Similar to SQL GROUP BY clause, PySpark groupBy() function is used to collect the identical data into
groups on DataFrame and perform aggregate functions on the grouped data.
roupBy(col1 : scala.Predef.String, cols : scala.Predef.String*) :
      org.apache.spark.sql.RelationalGroupedDataset
Note that, it can take one or more column names and returns GroupedData object which can use below aggregation functions.
- count() - Returns the count of rows for each group.
- mean() - Returns the mean of values for each group.
- max() - Returns the maximum of values for each group.
- min() - Returns the minimum of values for each group.
- sum() - Returns the total for values for each group.
- avg() - Returns the average for values for each group.
- agg() - Using agg() function, we can calculate more than one aggregate at a time.
- pivot() - This function is used to Pivot the DataFrame.

In [1]:
from pyspark.sql import SparkSession
from pyspark.sql import DataFrame
from pyspark.sql import functions as f

In [3]:
local=True

if local:
    spark=SparkSession.builder.master("local[4]").appName("pySparkGroupBy").getOrCreate()
else:
    spark=SparkSession.builder \
                      .master("k8s://https://kubernetes.default.svc:443") \
                      .appName("SparkArrowCompression") \
                      .config("spark.kubernetes.container.image", "inseefrlab/jupyter-datascience:master") \
                      .config("spark.kubernetes.authenticate.driver.serviceAccountName", os.environ['KUBERNETES_SERVICE_ACCOUNT']) \
                      .config("spark.executor.instances", "4") \
                      .config("spark.executor.memory","8g") \
                      .config("spark.kubernetes.namespace", os.environ['KUBERNETES_NAMESPACE']) \
                      .getOrCreate()


In [4]:
data = [("James", "Sales", "NY", 90000, 34, 10000),
            ("Michael", "Sales", "NY", 86000, 56, 20000),
            ("Robert", "Sales", "CA", 81000, 30, 23000),
            ("Maria", "Finance", "CA", 90000, 24, 23000),
            ("Raman", "Finance", "CA", 99000, 40, 24000),
            ("Scott", "Finance", "NY", 83000, 36, 19000),
            ("Jen", "Finance", "NY", 79000, 53, 15000),
            ("Jeff", "Marketing", "CA", 80000, 25, 18000),
            ("Kumar", "Marketing", "NY", 91000, 50, 21000)
            ]

schema = ["employee_name", "department", "state", "salary", "age", "bonus"]
df = spark.createDataFrame(data=data, schema=schema)
df.printSchema()
df.show(truncate=False)


root
 |-- employee_name: string (nullable = true)
 |-- department: string (nullable = true)
 |-- state: string (nullable = true)
 |-- salary: long (nullable = true)
 |-- age: long (nullable = true)
 |-- bonus: long (nullable = true)

+-------------+----------+-----+------+---+-----+
|employee_name|department|state|salary|age|bonus|
+-------------+----------+-----+------+---+-----+
|James        |Sales     |NY   |90000 |34 |10000|
|Michael      |Sales     |NY   |86000 |56 |20000|
|Robert       |Sales     |CA   |81000 |30 |23000|
|Maria        |Finance   |CA   |90000 |24 |23000|
|Raman        |Finance   |CA   |99000 |40 |24000|
|Scott        |Finance   |NY   |83000 |36 |19000|
|Jen          |Finance   |NY   |79000 |53 |15000|
|Jeff         |Marketing |CA   |80000 |25 |18000|
|Kumar        |Marketing |NY   |91000 |50 |21000|
+-------------+----------+-----+------+---+-----+



## 3.1.1 Groupby single column 

In this example, we groupby a single column and aggregate single/multi column

In [5]:
# groupby department and count the rows in each grouped department.
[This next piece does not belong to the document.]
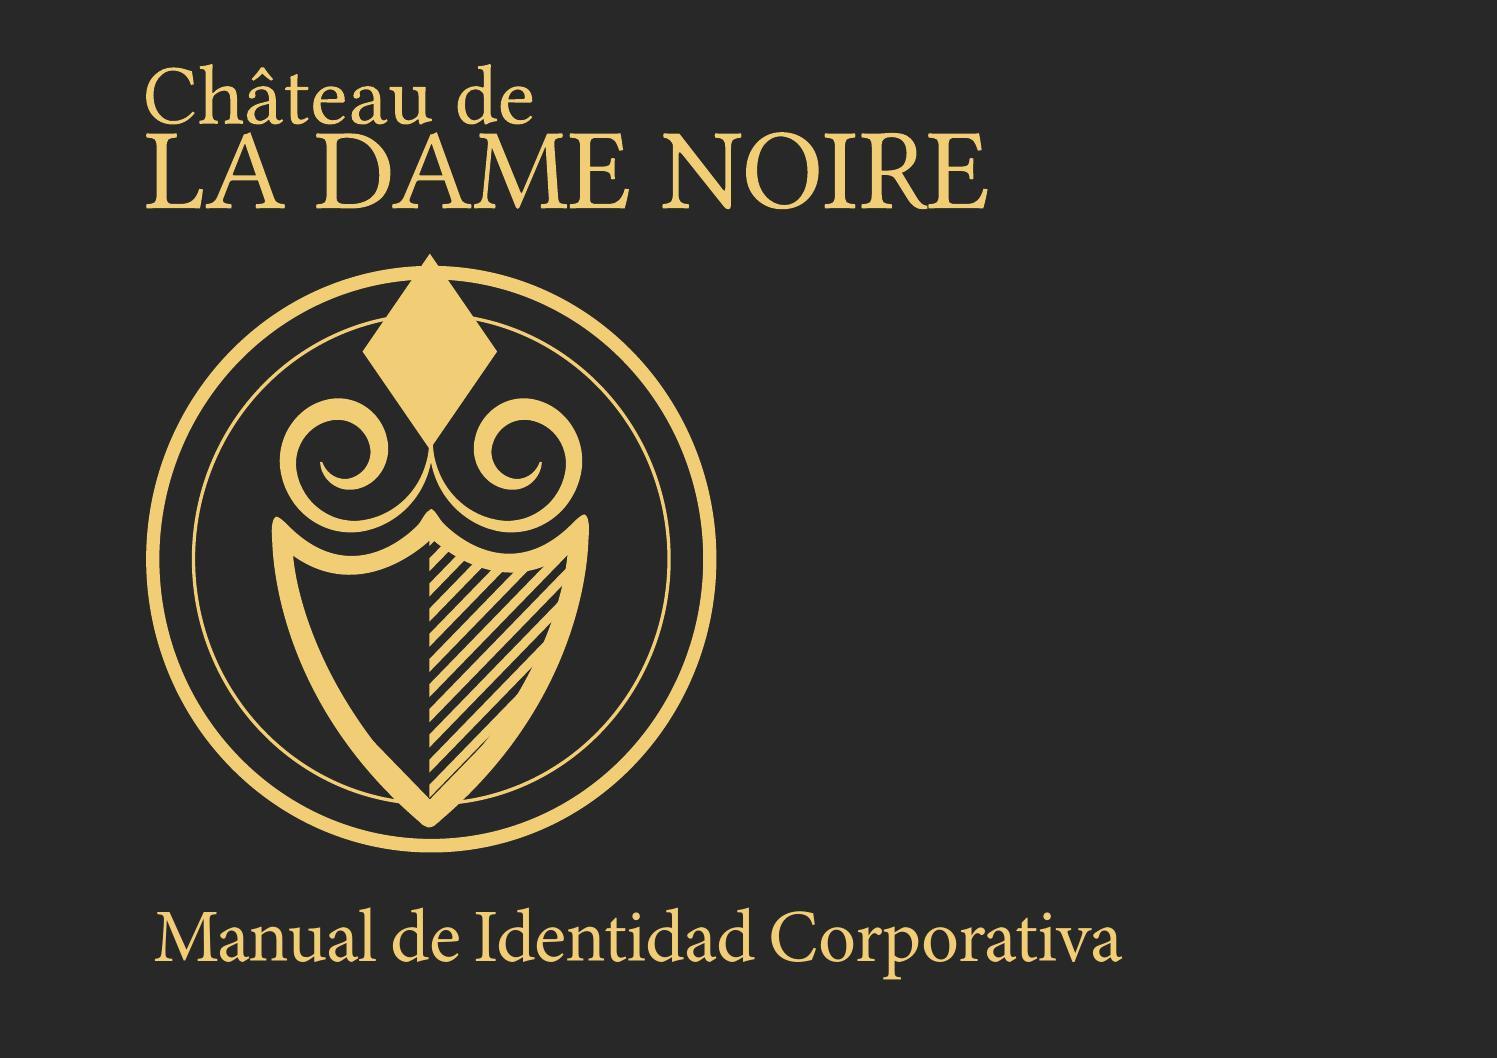 Manual de Identidad Corporativa Champagne Château de la Dame Noire

If each row represent a distinct employee, then we have the count of employee
# of each department
df.groupBy("department").count().show()

+----------+-----+
|department|count|
+----------+-----+
|     Sales|    3|
|   Finance|    4|
| Marketing|    2|
+----------+-----+



In [6]:
# get the average salary and age of each state
df.groupBy("state").avg("salary","age").show()

+-----+-----------+--------+
|state|avg(salary)|avg(age)|
+-----+-----------+--------+
|   CA|    87500.0|   29.75|
|   NY|    85800.0|    45.8|
+-----+-----------+--------+



## 3.1.2 GroupBy multiple columns
We have seen how to groupBy one column. We can also groupBy multiple columns.

Suppose we do a groupBy on two column A, B. If A has m distinct value, and B has n distinct value. Then after groupby, we will have m*n rows

In [7]:
# In this example, we groupBy rows by their department(Sales, Finance, Marketing) and state(CA, NY)
# we will have 6 possible combination, for each combination we will use the aggregation function to calculate the max.
df.groupBy("department", "state").max("salary", "bonus").show()

+----------+-----+-----------+----------+
|department|state|max(salary)|max(bonus)|
+----------+-----+-----------+----------+
|   Finance|   NY|      83000|     19000|
| Marketing|   NY|      91000|     21000|
|     Sales|   CA|      81000|     23000|
| Marketing|   CA|      80000|     18000|
|   Finance|   CA|      99000|     24000|
|     Sales|   NY|      90000|     20000|
+----------+-----+-----------+----------+



## 3.1.3 Apply multiple aggregation function on one groupBy 

The default min, max, can only show one type of stats. If you want to show multiple column with different stats, you 
need to use agg().  

Note here, avg and mean returned the same result.

In [8]:
df.groupBy("department").agg(
  f.min("salary").alias("min_salary"), \
  f.max("salary").alias("max_salary"), \
  f.avg("salary").alias("avg_salary"), \
  f.mean("salary").alias("mean_salary")  
).show()

+----------+----------+----------+-----------------+-----------------+
|department|min_salary|max_salary|       avg_salary|      mean_salary|
+----------+----------+----------+-----------------+-----------------+
|     Sales|     81000|     90000|85666.66666666667|85666.66666666667|
|   Finance|     79000|     99000|          87750.0|          87750.0|
| Marketing|     80000|     91000|          85500.0|          85500.0|
+----------+----------+----------+-----------------+-----------------+



We can use other aggregation functions inside agg, the full list of predefine aggregation function is here 
https://sparkbyexamples.com/pyspark/pyspark-aggregate-functions/ 

Below shows collect_list

In [9]:
df.groupBy("department").agg(f.collect_list("employee_name")).show(truncate=False)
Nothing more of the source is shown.